Gravitational microlensing refers to the brief magnification we observe when a dimmer, closer star passes between us and a brighter, distant star. Gravitational effects cause the distant star to temporarily become even brighter (because its light is being bent and focused towards us). If the closer star (the “lensing” star) also has one or more planets, then the resulting light curve gets an extra bump from the planet’s “micro”-lensing effect.

Scott Gaudi of Ohio State University created this marvelous animation of microlensing in action, which also shows how it is detected. (I love the symbolic fraction!) The distant star is the red circle, the closer star is in orange, the distant star’s apparent position is in blue, and the closer star’s planet is the brown dot.

What’s neat about this phenomenon is that although no one yet seems up for predicting when and where it might happen next, as soon as the characteristic increase in brightness begins, teams across the globe are alerted and start watching, hoping to capture the planet’s bump (if any) when it happens. In fact, amateur observers have contributed key observational data that helped find a new planet.

Maybe I should break down and get a telescope already.

The EPOXI mission was born out of the desire to make use of the Deep Impact spacecraft, after it successfully hit Comet Tempel 1 with a separate smaller spacecraft. Two missions were selected to make use of Deep Impact: EPOCh (Extrasolar Planet Observations and Characterization) and DIXI (Deep Impact eXtended Investigation). If you stick DIXI and EPOCh together, you get… EPOXI. The proposers got kudos from NASA HQ for this acronym.

EPOCh has just finished its main investigation, which involved observing seven stellar targets that were believed to have planetary companions. I recently attended an excellent talk summarizing the results by Dr. Drake Deming, the deputy PI for EPOCh. They used Deep Impact’s camera to watch for the characteristic dip in stellar brightness when a planet transits across it. Since the camera was not designed for observing distant stars, it had no automatic stabilization, and the star would appear to wander all over the CCD. Tracking the star in the data once it was downlinked to Earth, and applying a different correction for each pixel in the CCD, makes ground processing challenging. However, they’ve been able to analyze this data and extract some interesting findings.

• They studied a Neptune-sized planet (radius about 4 times that of Earth) orbiting the red dwarf star GJ 436. It has an eccentric orbit that is likely to be influenced by a second, smaller planet.

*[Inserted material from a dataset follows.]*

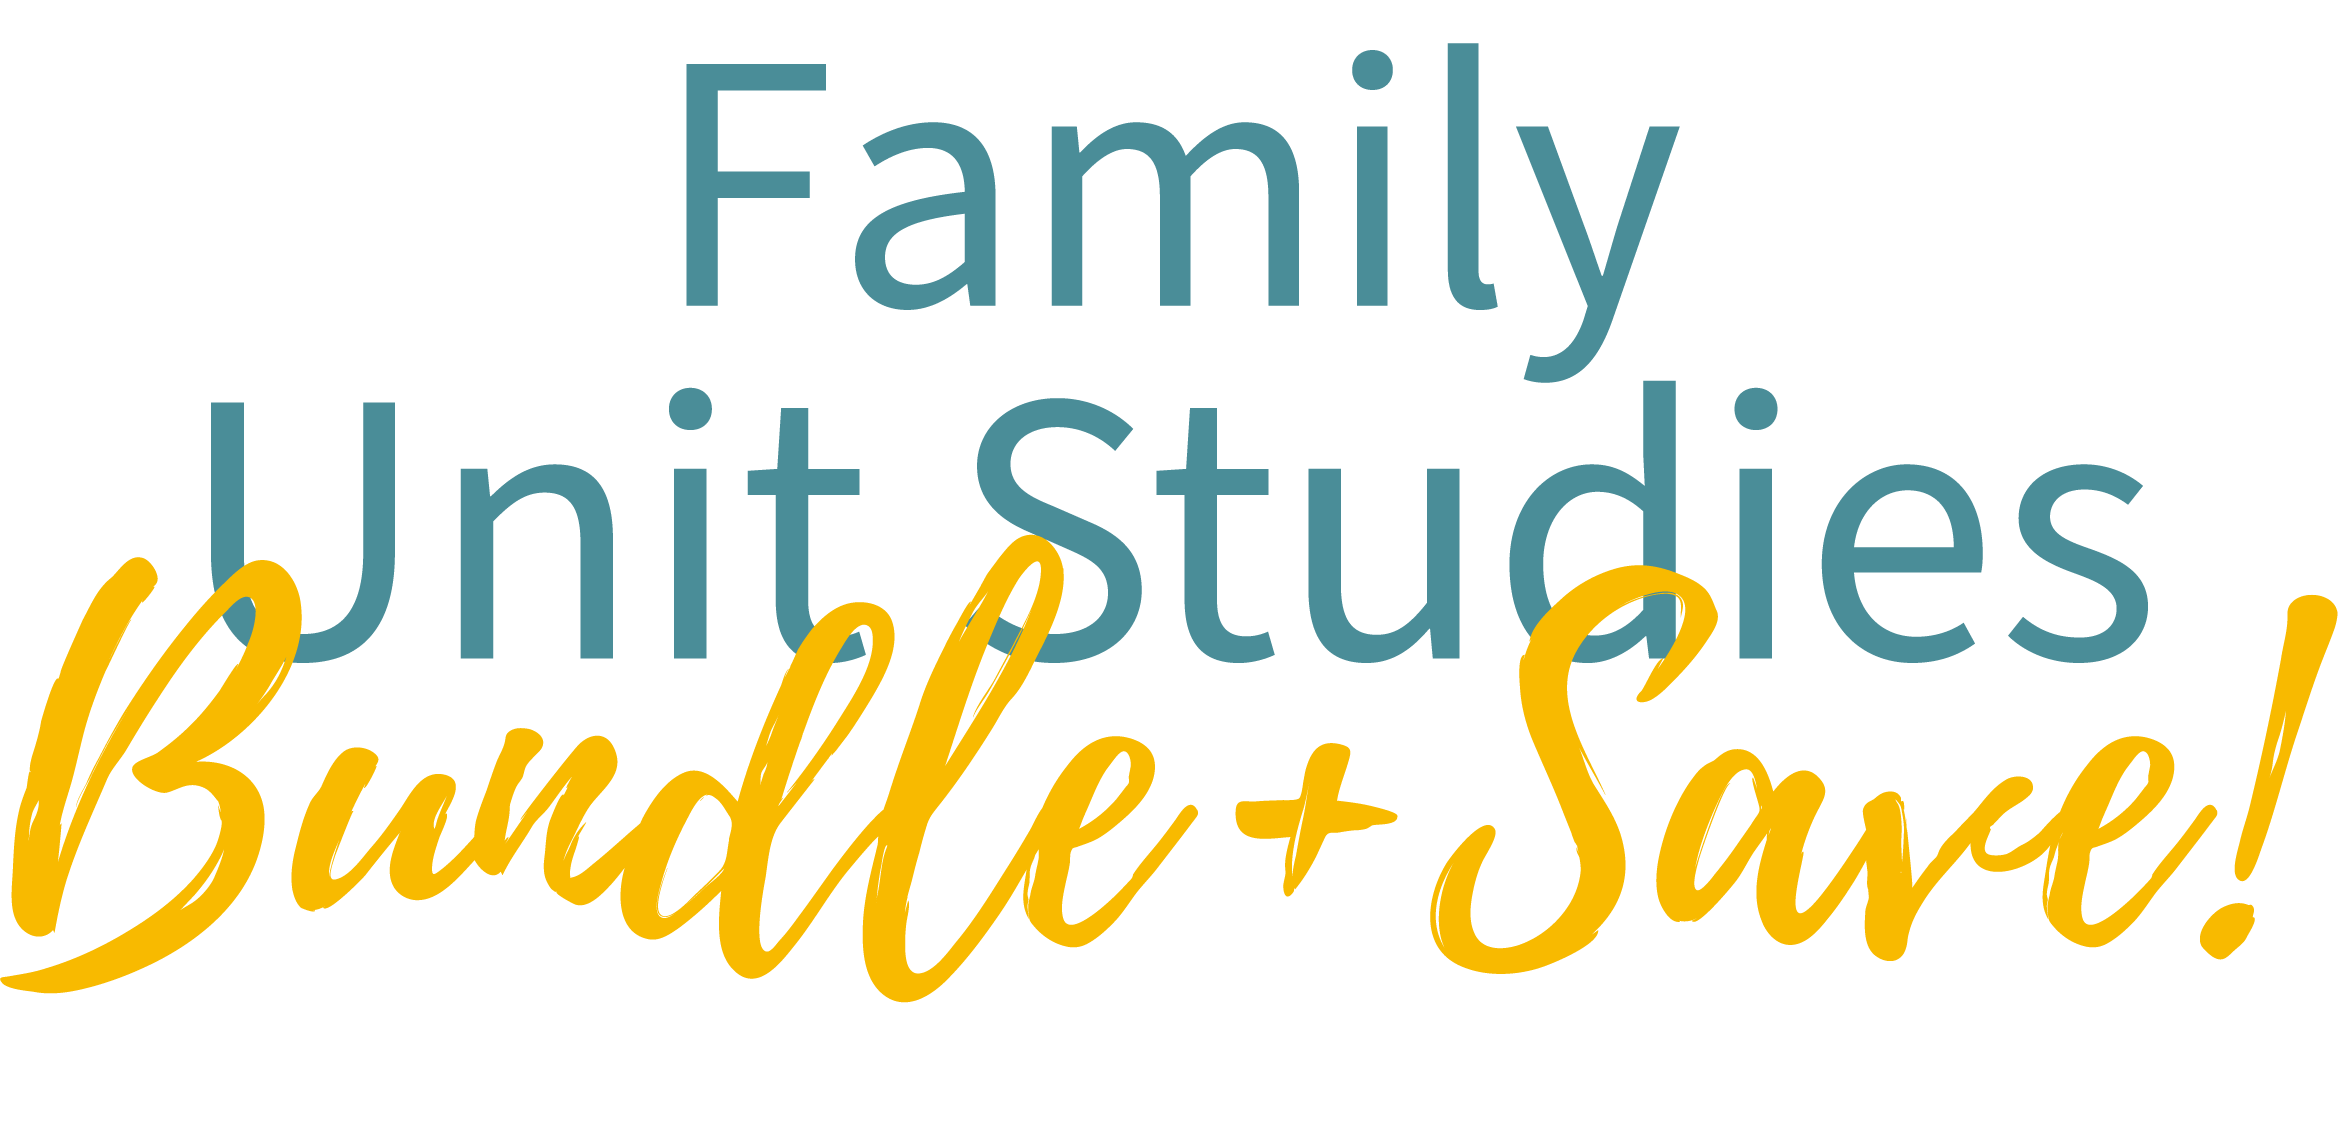 Family Unit Studies Bundle and Save!

EPOCh has searched industriously for a signal from this smaller planet, so far not yet finding it (down to 1 Earth radius, the limit of what they can see with this instrument).
• A secondary transit happens when a planet goes behind its host star, from our perspective. This also causes a (smaller) dip in total brightness because the planet no longer reflects light from the star. This dip can help provide an upper bound on the albedo (brightness) of the planet. (Neat!)
• They also observed the Earth from Deep Impact, treating it as if it were an exoplanet and trying to see if they could accurately infer its properties. These observations serve as the perfect validation set to help us do a good job of interpreting similar observations of other planets, when we get to the point of having them. More details will appear in a paper on this subject of how an alien observer would view planet Earth.

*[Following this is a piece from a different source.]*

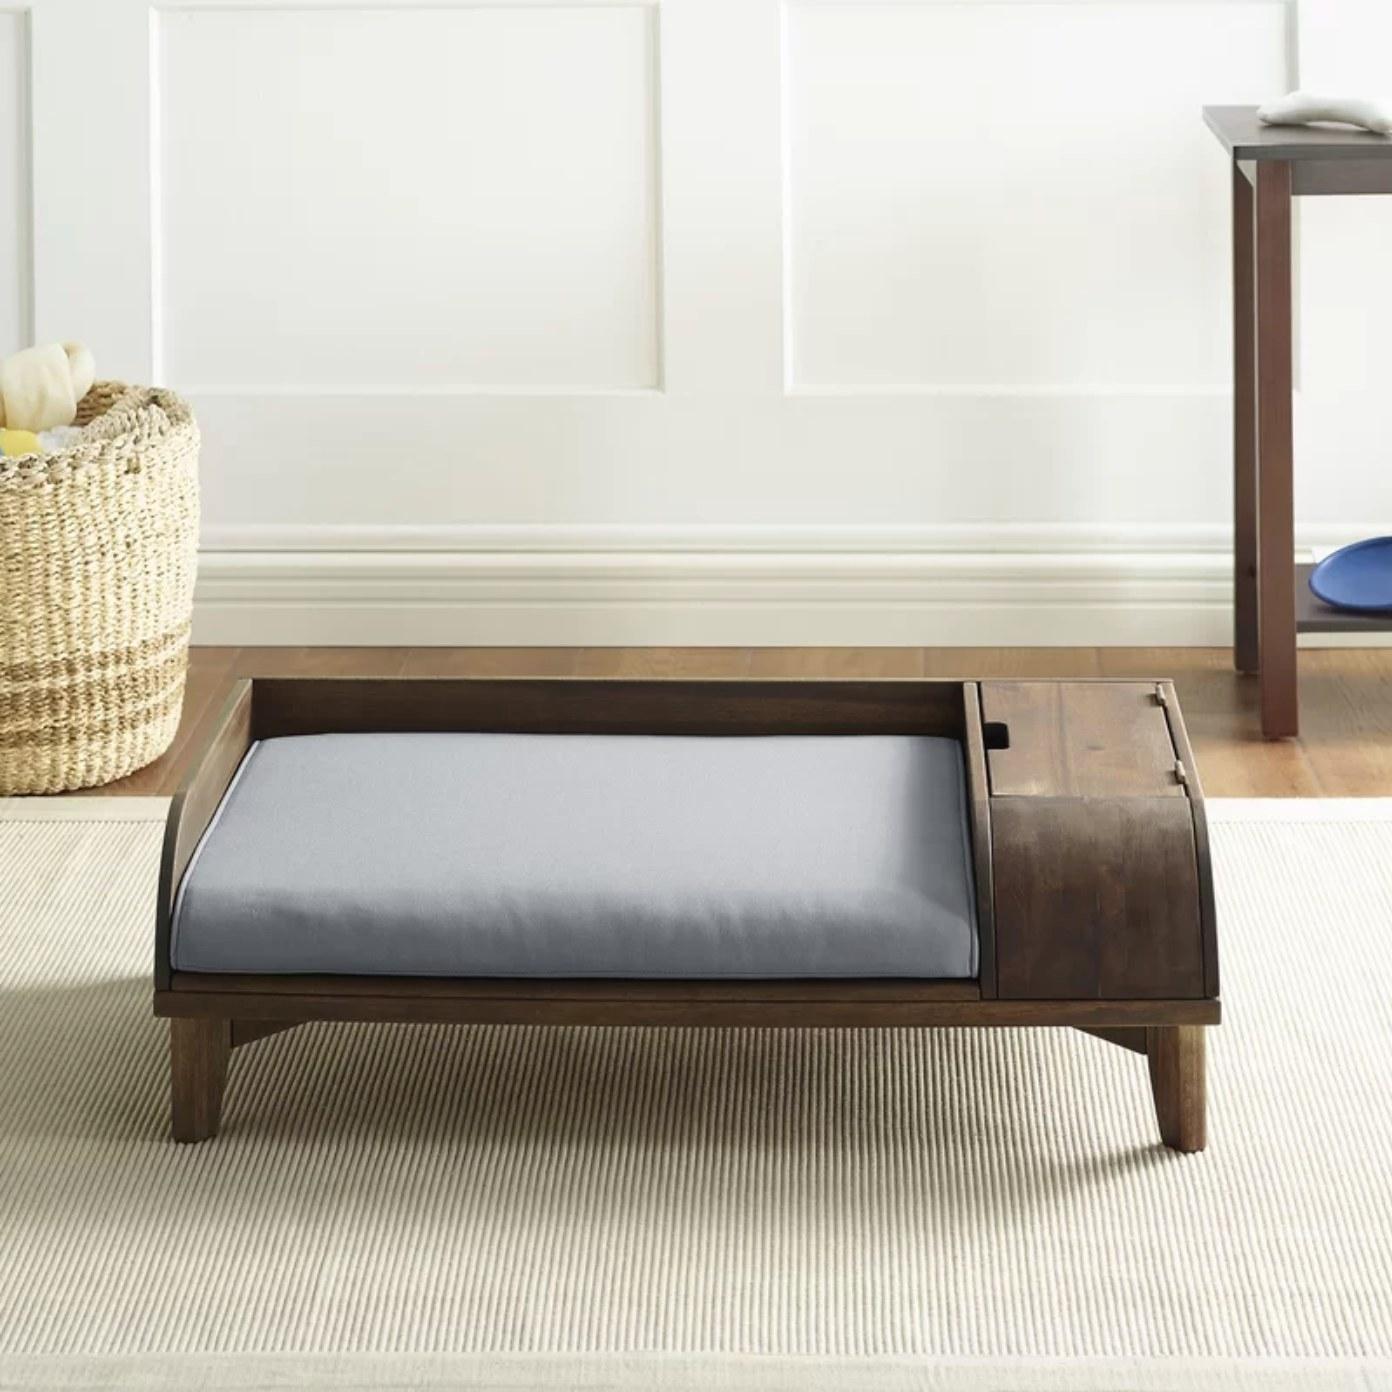 The dog sofa with storage

Even better, the data collected by EPOCh will be released to the public in the spring. So you can try your hand at analyzing it, too!

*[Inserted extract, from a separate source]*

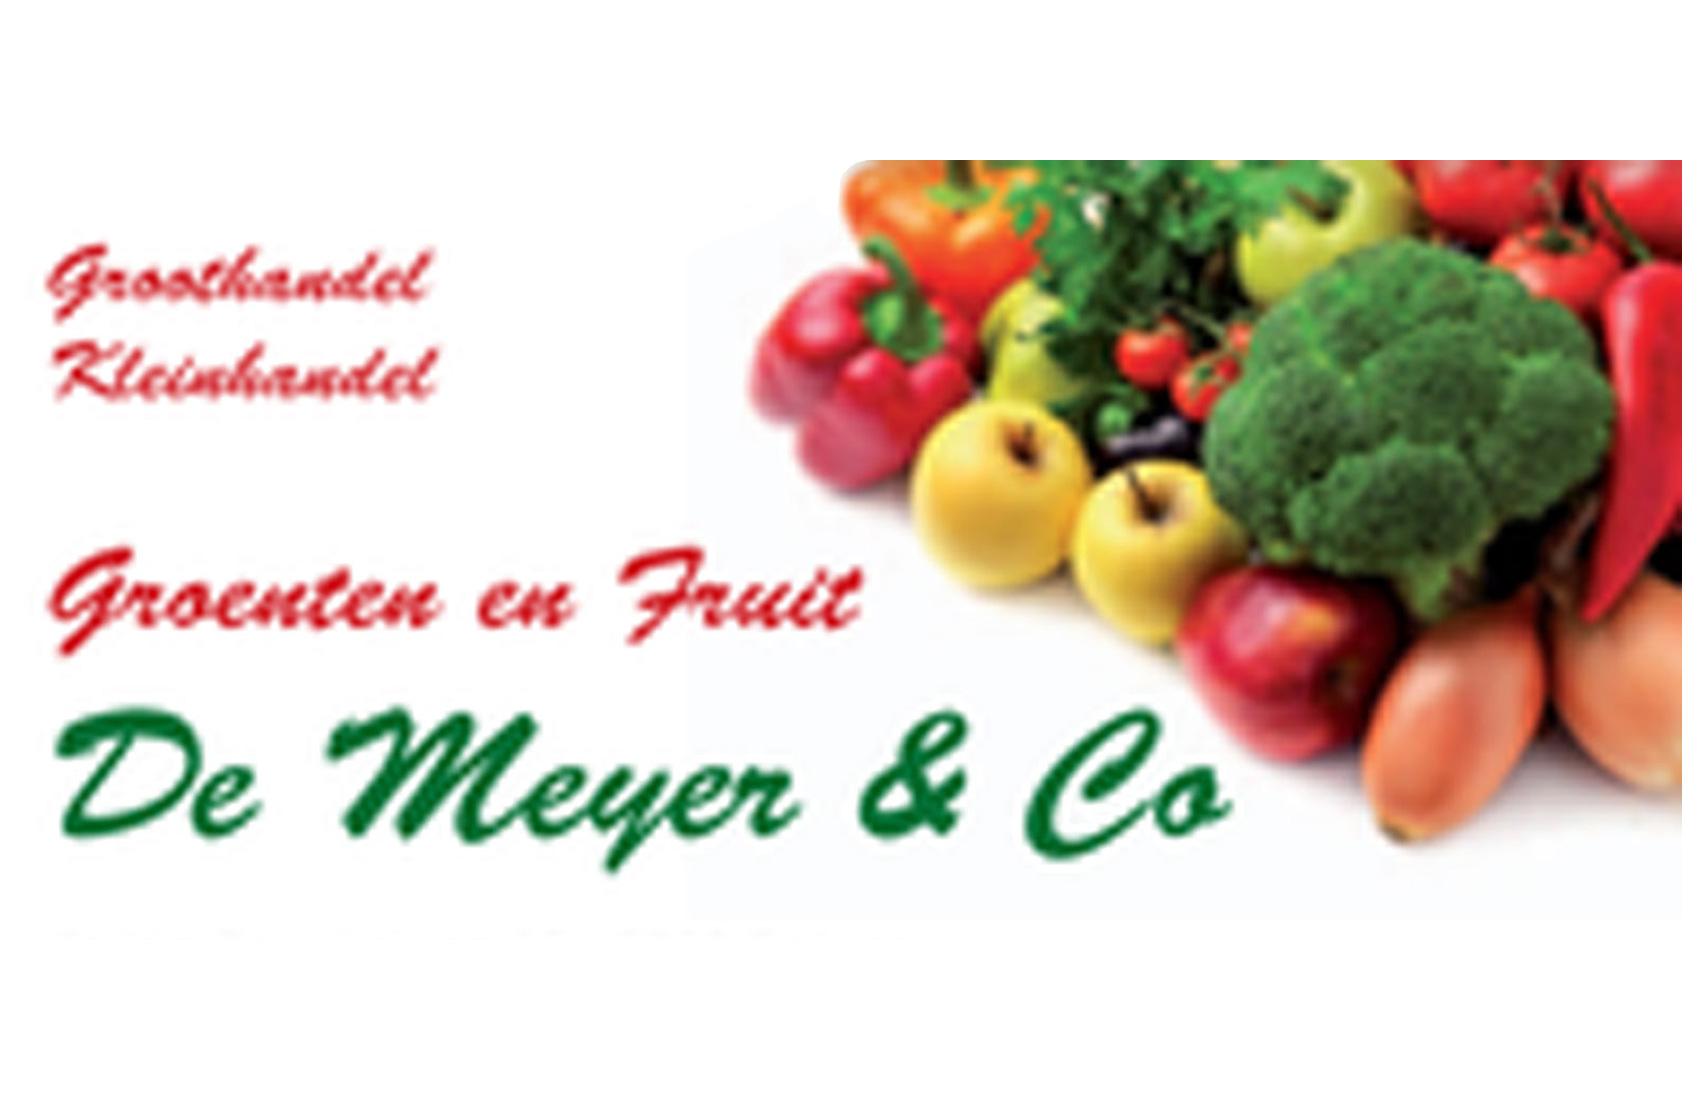 De Meyer & Co groenten & fruit

And of course, stay tuned for news from the Kepler mission, set to launch on March 6. It will stare at (relatively) nearby stars specifically seeking Earth-sized planets in the “habitable zone” (where liquid water is stable). It will survey so many stars that even a null result (if they don’t find any Earth-sized planets) would make an interesting statement about the distribution of planets in the galaxy. It’s far more likely, though, that they will find such planets. We live in such exciting times!